Load a table with console logging turned off

This example turns off console logging, sends the output to a file, and sets the log level for the output that goes to that file.

$ ybload -d premdb --username bobr -t match -W --format csv --quiet --logfile load_match_log --logfile-log-level INFO /home/bobr/match.csv 
Password for user bobr: 

$ more load_match_log
2019-01-30 16:00:21.830 [ INFO] <main>  ABOUT CLIENT:
   app.cli_args         = -d premdb --username bobr -t match -W --format csv --quiet --logfile load_match_log --logfile-log-level INFO /home/bobr/match.csv 
   app.name_and_version = ybload version 2.0.0-10711
   java.home            = /usr/lib/jvm/java-8-oracle/jre
   java.version         = 1.8.0_101
   jvm.memory           = 981.50 MB (max=14.22 GB)
   jvm.name_and_version = Java HotSpot(TM) 64-Bit Server VM (build 25.101-b13, mixed mode)
   jvm.options          = -Xmx16g, -Xms1g, -ea, -Dapp.name=ybload, -Dapp.pid=12595, -Dapp.repo=/usr/lib/ybtools/lib, -Dapp.home=/usr/lib/ybtools, -Dbasedir=/usr/lib/ybtools
   jvm.vendor           = Oracle Corporation
   os.name_and_version  = Linux 4.4.0-31-generic (amd64)

2019-01-30 16:00:21.831 [ INFO] <main>  Logfile written to load_match_log
...
2019-01-30 16:00:23.580 [ INFO] <main>  SUCCESSFUL BULK LOAD: Loaded 8606 good rows in   0:00:01 (READ: 179.2KB/s WRITE: 167.5KB/s)

Stop and roll back a load if >3 bad rows are found and log the errors

$ ybload -d premdb --username bobr -t team --max-bad-rows 3 -W --quiet --logfile load_team_log --logfile-log-level error /home/bobr/badteam.csv 
Password for user bobr: 

brumsby@brumsby:~$ more load_team_log
2019-01-30 16:10:46.559 [ERROR] <main>  Unable to separate row into fields for parsing: Too few fields (8 < 9)
Bad row = "4,53,Barnsley,Tykes,Barnsley,Oakwell Stadium,23009,0"
2019-01-30 16:10:46.561 [ERROR] <main>  Unable to separate row into fields for parsing: Too few fields (8 < 9)
Bad row = "18,67,Everton,Toffees,Liverpool,Goodison Park,40221,38.124"
2019-01-30 16:10:46.561 [ERROR] <main>  Unable to separate row into fields for parsing: Too few fields (8 < 9)
Bad row = "31,80,Oldham Athletic,Latics,Oldham,Boundary Park,13309,0"
2019-01-30 16:10:46.562 [ERROR] <main>  Unable to separate row into fields for parsing: Too few fields (8 < 9)
Bad row = "32,81,Portsmouth,Pompey,Portsmouth,Fratton Park,21100,0"
2019-01-30 16:10:46.562 [FATAL] <main>  Number of bad rows exceeded maximum (3)
2019-01-30 16:10:46.620 [FATAL] <main>  FAILED BULK LOAD: Nothing committed

Load a table from a text file with a special escape character

$ ybload -d premdb --username bobr -W -t matchstats --format text --escape-char '/' /home/bobr/premdata/matchstats.txt 
Password for user bobr:
...

Load a table from a pipe-delimited file with literal "null" values

$ ybload -d premdb --username bobr -W -t team --format text --delimiter '|' --nullmarker 'null' /home/bobr/premdata/team2019.txt
Password for user bobr: 
...

Load a table from a CSV file that has an extra field

This example loads a table from a source file that has an extra field at the end of each line, which is removed (not loaded). To achieve this result, the ybload command specifies the --parse-header-line and --on-extra-field remove options.
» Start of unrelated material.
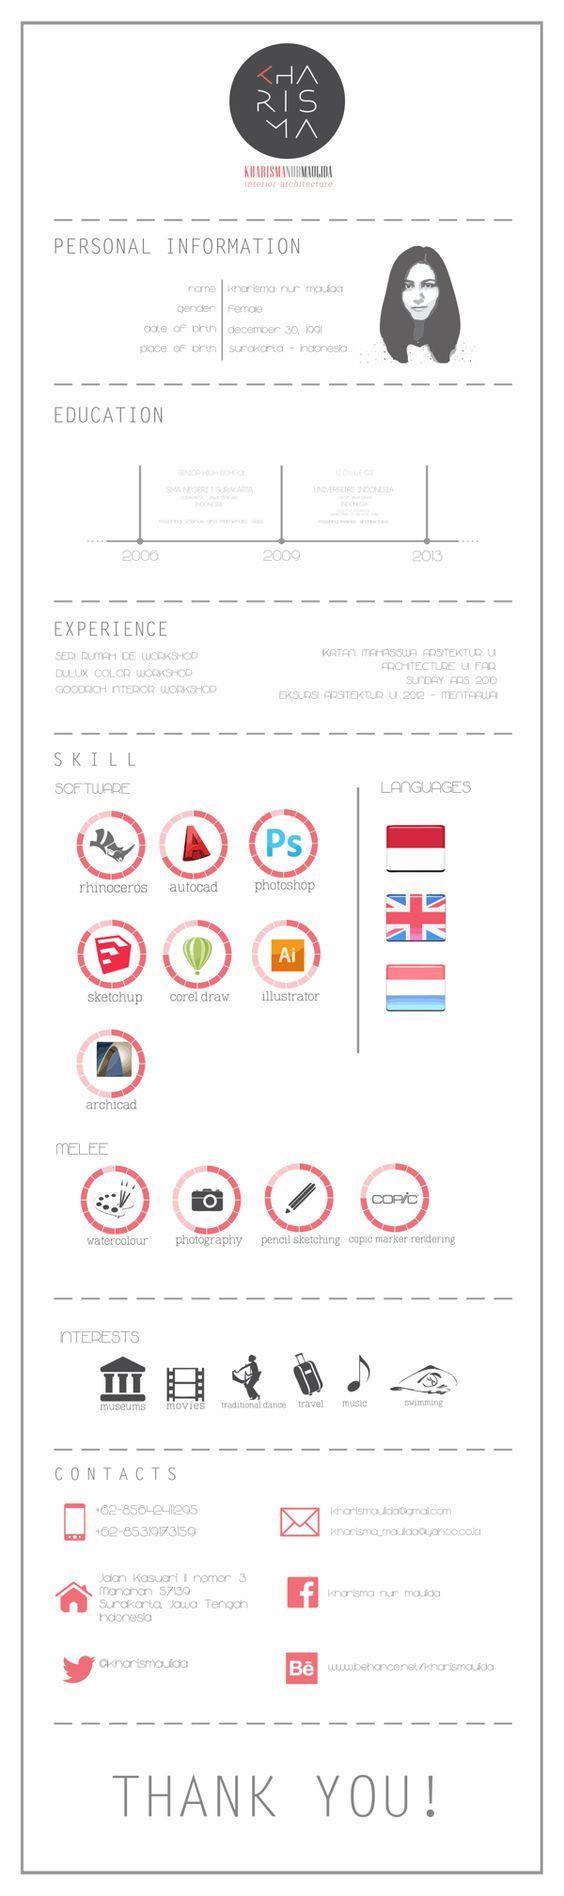 Personal Resume Templates 14 Best Cv  Resumé Images On Pinterest  Resume Design Cv Template .

The season table has four columns, but the source file in this example has five values per line (comma-separated):

$ more season_five_cols.csv
SEASONID,SEASON_NAME,NUMTEAMS,WINNERS
25,2016-2017,20,Chelsea,380
26,2017-2018,20,Manchester City,380
27,2018-2019,20,Manchester City,380
28,2019-2020,20,Liverpool,380
29,2020-2021,20,Manchester City,380
30,2021-2022,20,Manchester City,380

The following load detects the mismatch in the number of columns versus fields, but succeeds in loading the table by removing the last field for each row:

$ ybload -d premdb -t season -U yellowbrick -W --delimiter ',' --format csv --parse-header-line --on-extra-field remove season_five_cols.csv
Password for user yellowbrick: 
...
Configuration (record/field separation):
   format                  : CSV
   delimiter               : ,
   linesep                 : \n
   quoteChar               : "
   escapeChar              : "
   trimWhite               : false
   trimTrailingWhite       : false
   skipBlankLines          : true
   onMissingField          : ERROR
   onExtraField            : REMOVE
   onUnescapedEmbeddedQuote: ERROR
...

The resulting rows look like this:

premdb=# select * from season where seasonid between 25 and 30;
 seasonid | season_name | numteams |     winners     
----------+-------------+----------+-----------------
      25 | 2016-2017   |       20 | Chelsea
      26 | 2017-2018   |       20 | Manchester City
      27 | 2018-2019   |       20 | Manchester City
      28 | 2019-2020   |       20 | Liverpool
      29 | 2020-2021   |       20 | Manchester City
      30 | 2021-2022   |       20 | Manchester City
(6 rows)

Load a table from a CSV file with a missing field

This example loads a table from a source file that has a missing field at the end of each line, which is filled in with NULL values. The season table has four columns, but the source file in this example has only three values (comma-separated). The winners column is defined in the header, but no winners values are present in each line:

$ more season_three_cols.csv
SEASONID,SEASON_NAME,NUMTEAMS,WINNERS
25,2016-2017,20
26,2017-2018,20
27,2018-2019,20
28,2019-2020,20
29,2020-2021,20
30,2021-2022,20

To load data from this file, the ybload command specifies the --parse-header-line and --on-missing-field supplynull options. The table is loaded with NULL values for the missing column.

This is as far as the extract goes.